◆ Task description ◆
Repeat the data exactly, leaving out any image.

◆ Data shown ◆
○ ○ ○ ○ ○

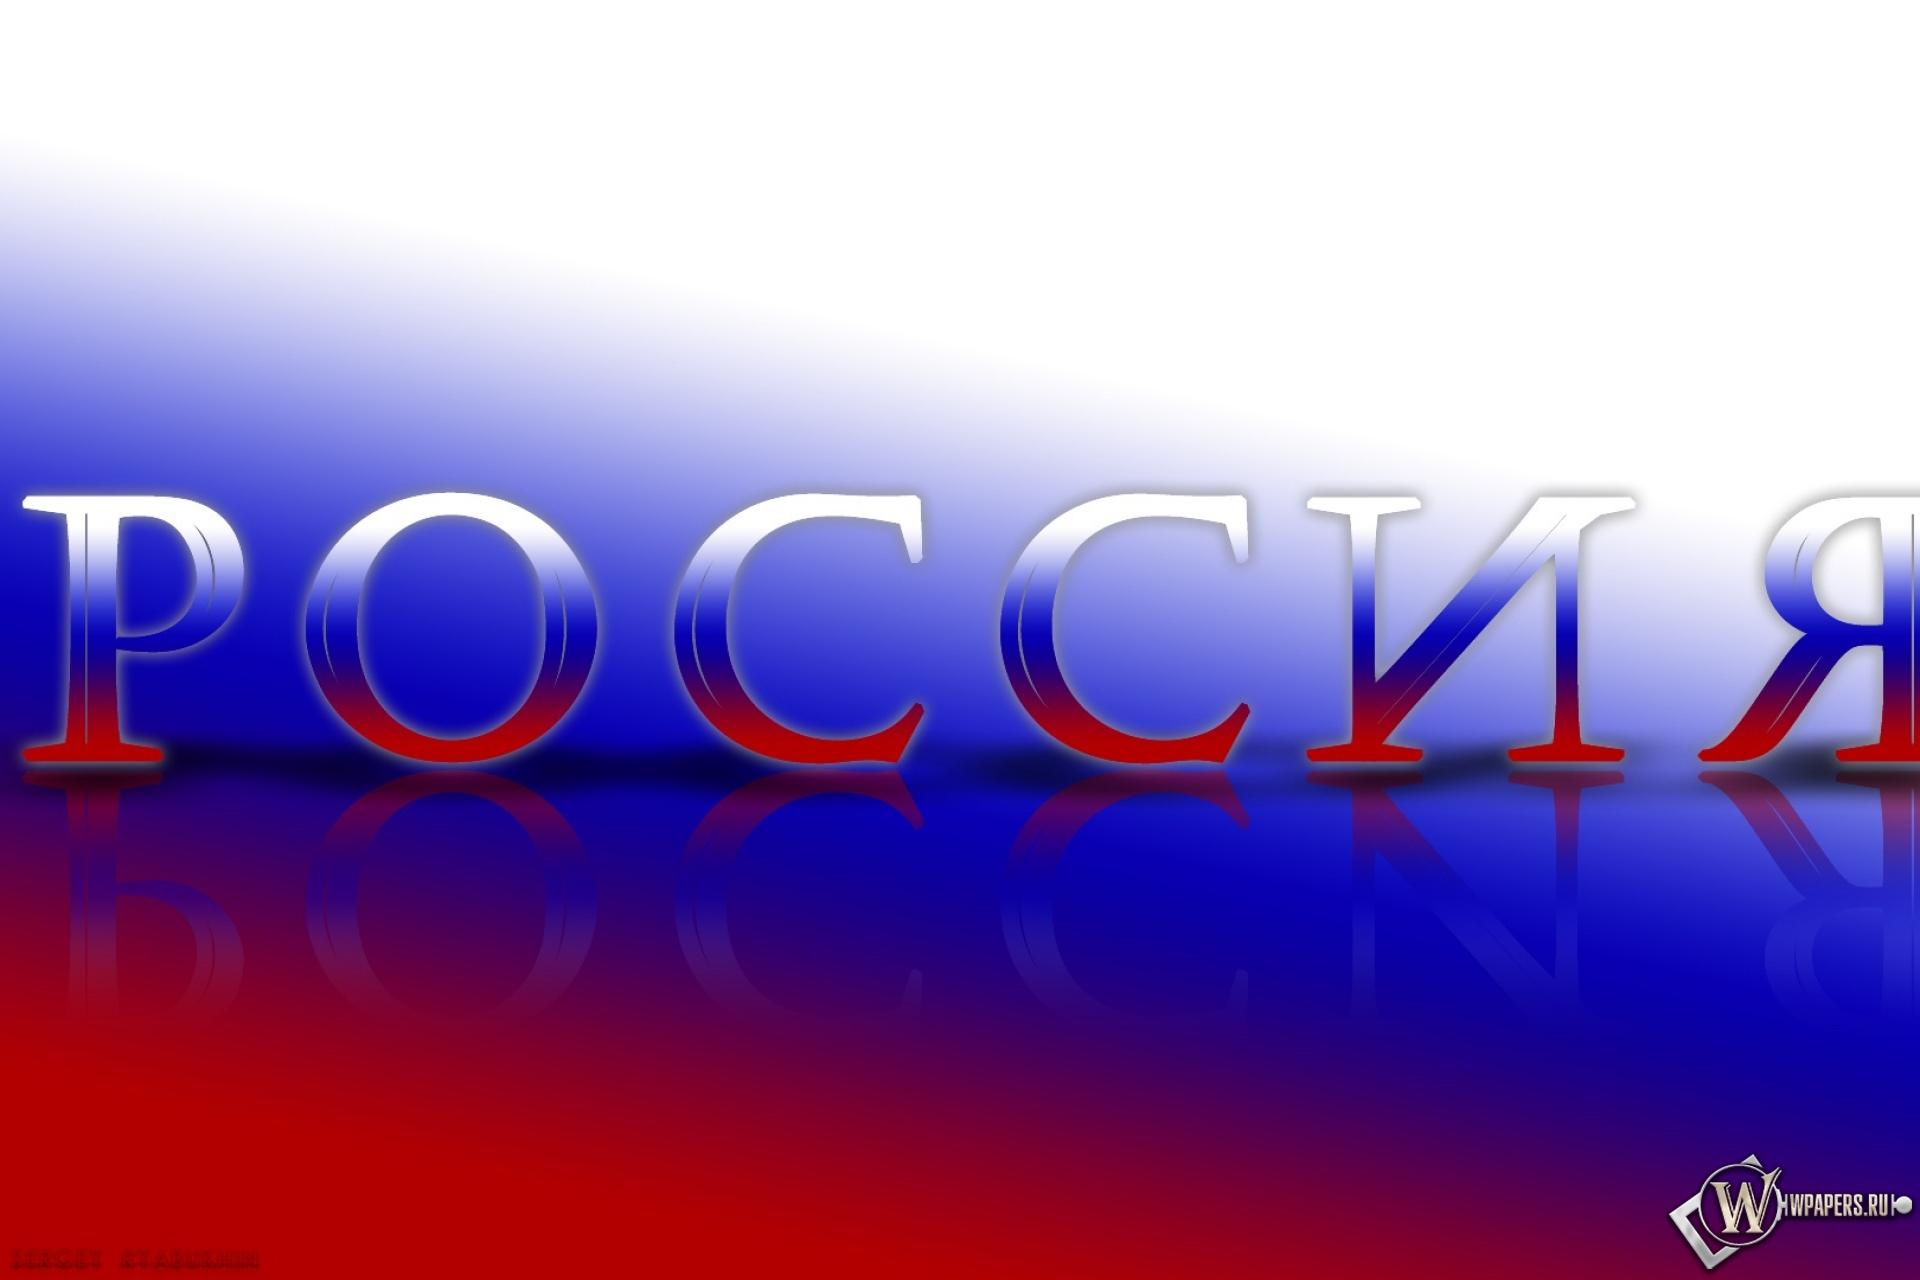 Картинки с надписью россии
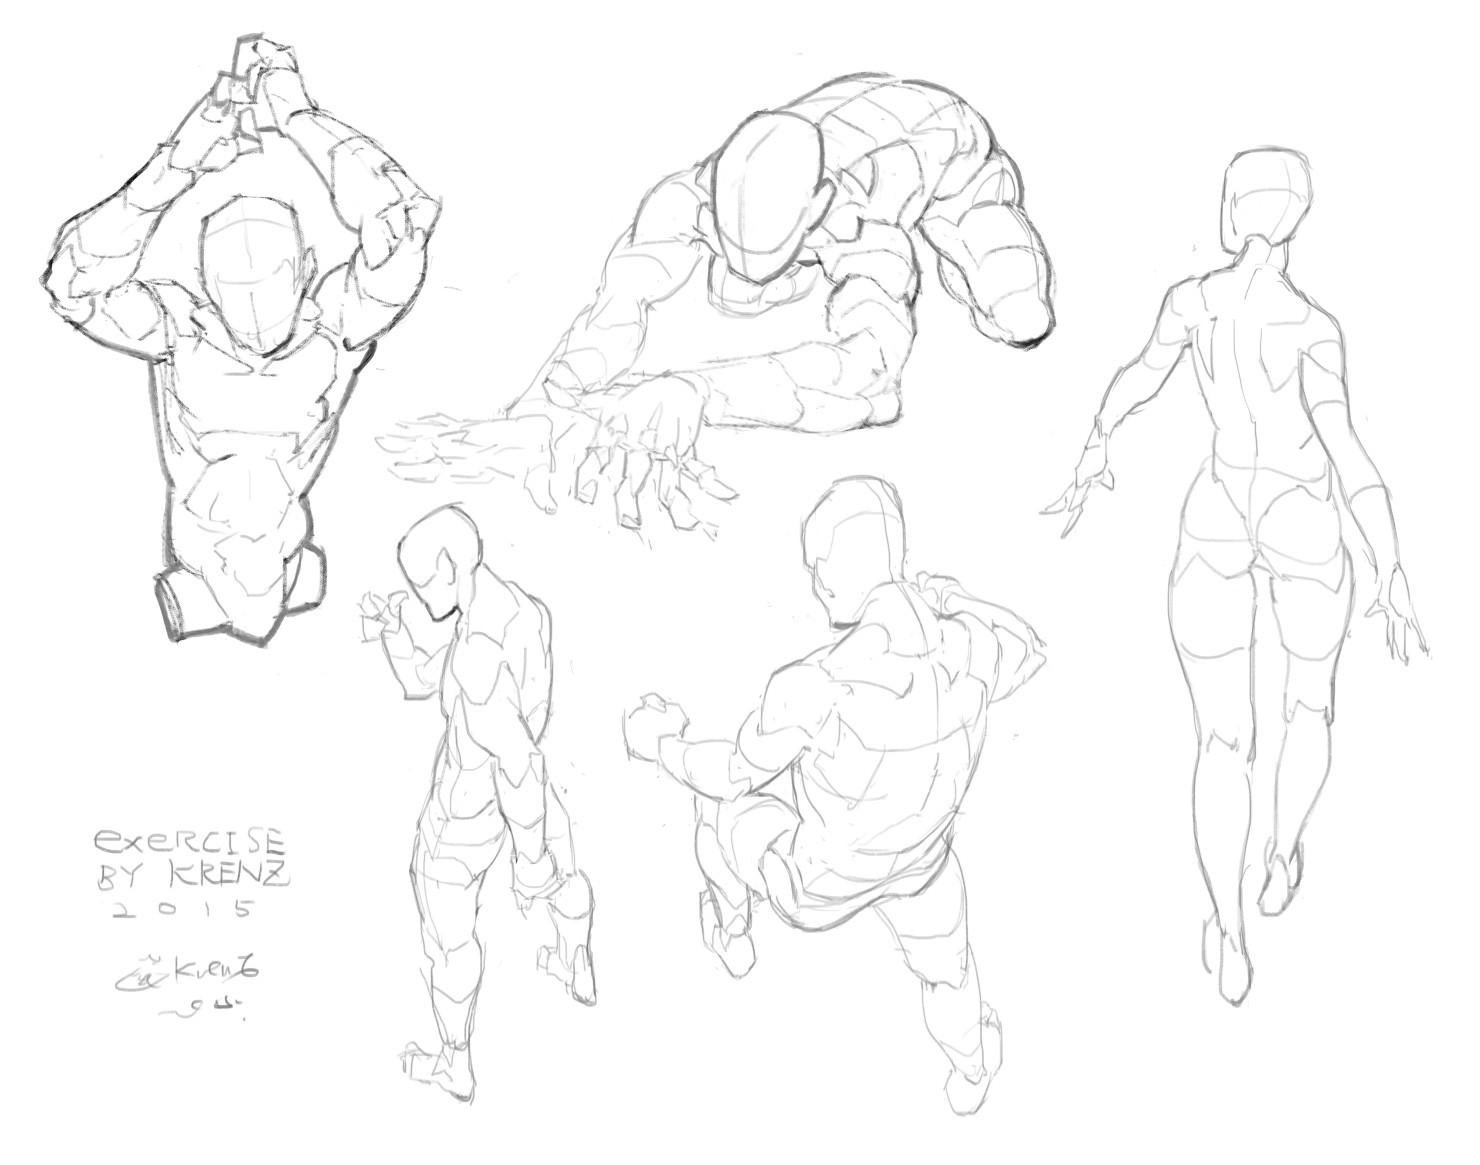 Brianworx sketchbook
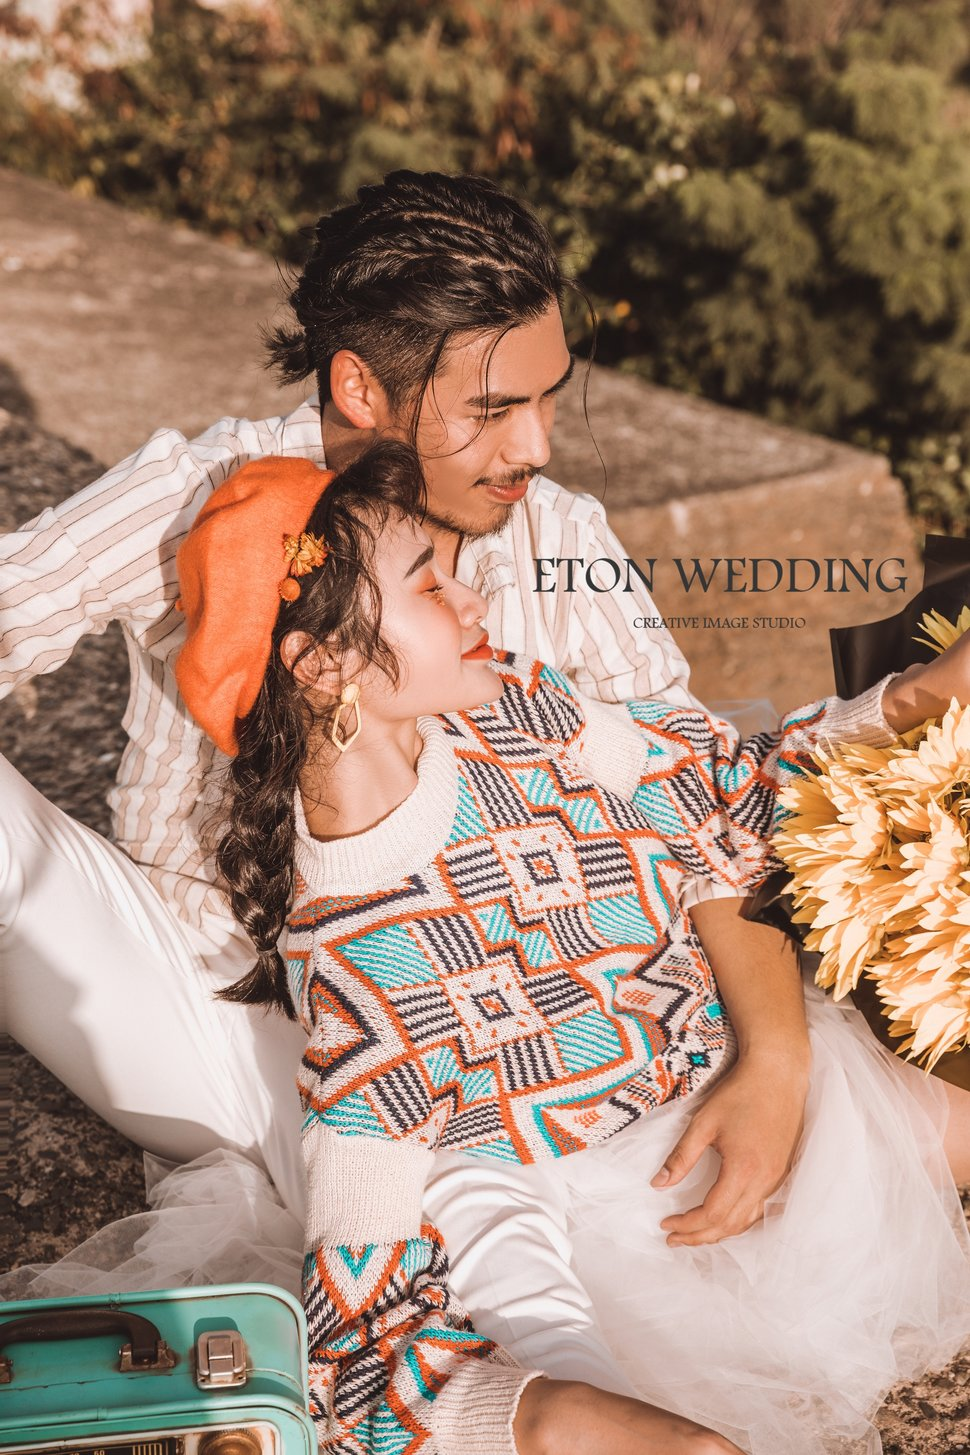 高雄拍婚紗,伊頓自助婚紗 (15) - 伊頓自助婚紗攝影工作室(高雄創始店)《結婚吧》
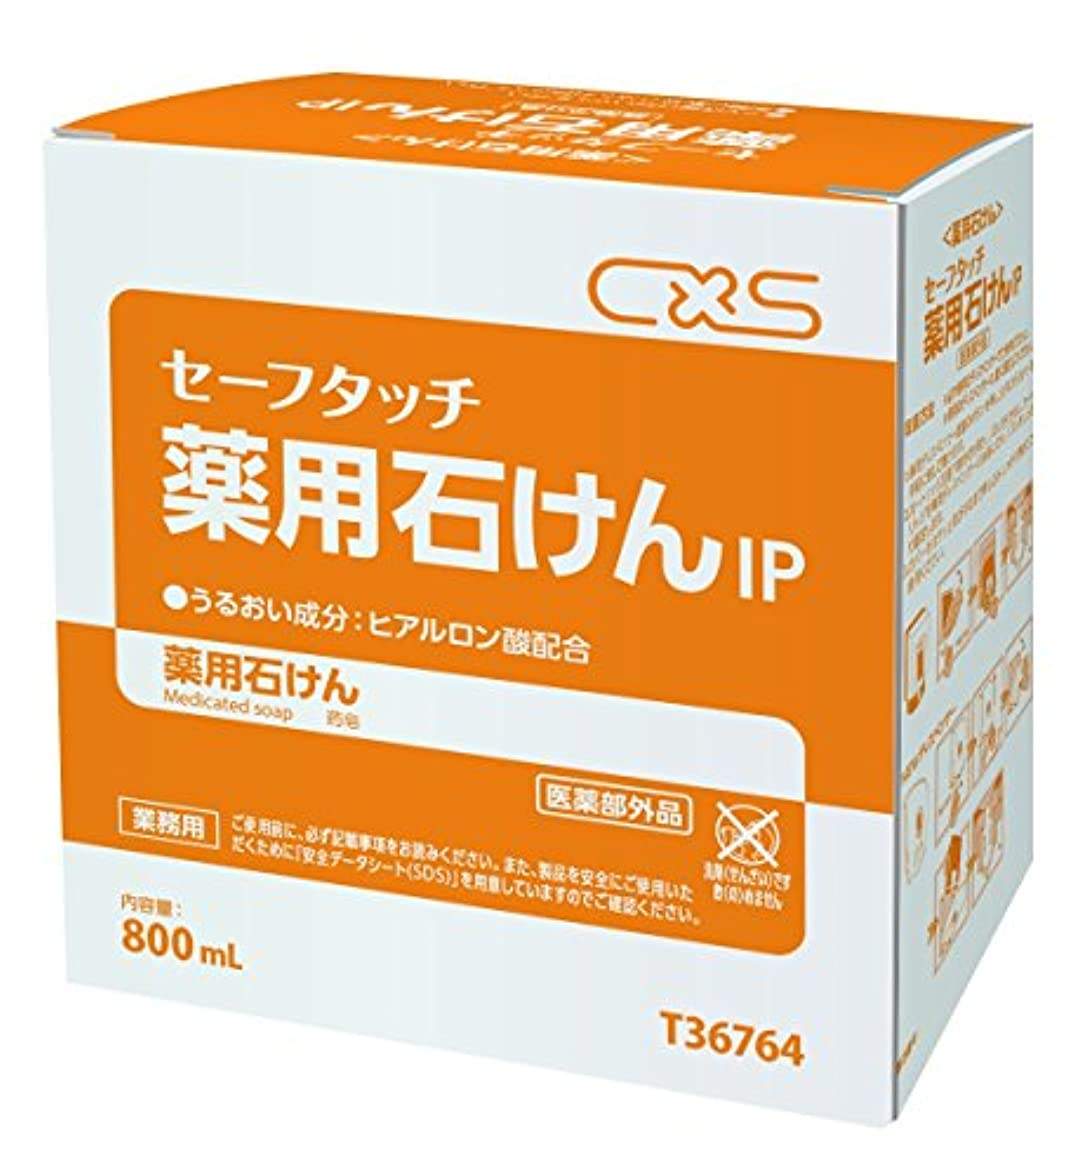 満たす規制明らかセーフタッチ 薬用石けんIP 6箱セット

○ ○ ○ ○ ○

◆ Answer box ◆
 Картинки с надписью россии
 Brianworx sketchbook
 高雄拍婚紗,伊頓自助婚紗 (15) - 伊頓自助婚紗攝影工作室(高雄創始店)《結婚吧》
 満たす規制明らかセーフタッチ 薬用石けんIP 6箱セット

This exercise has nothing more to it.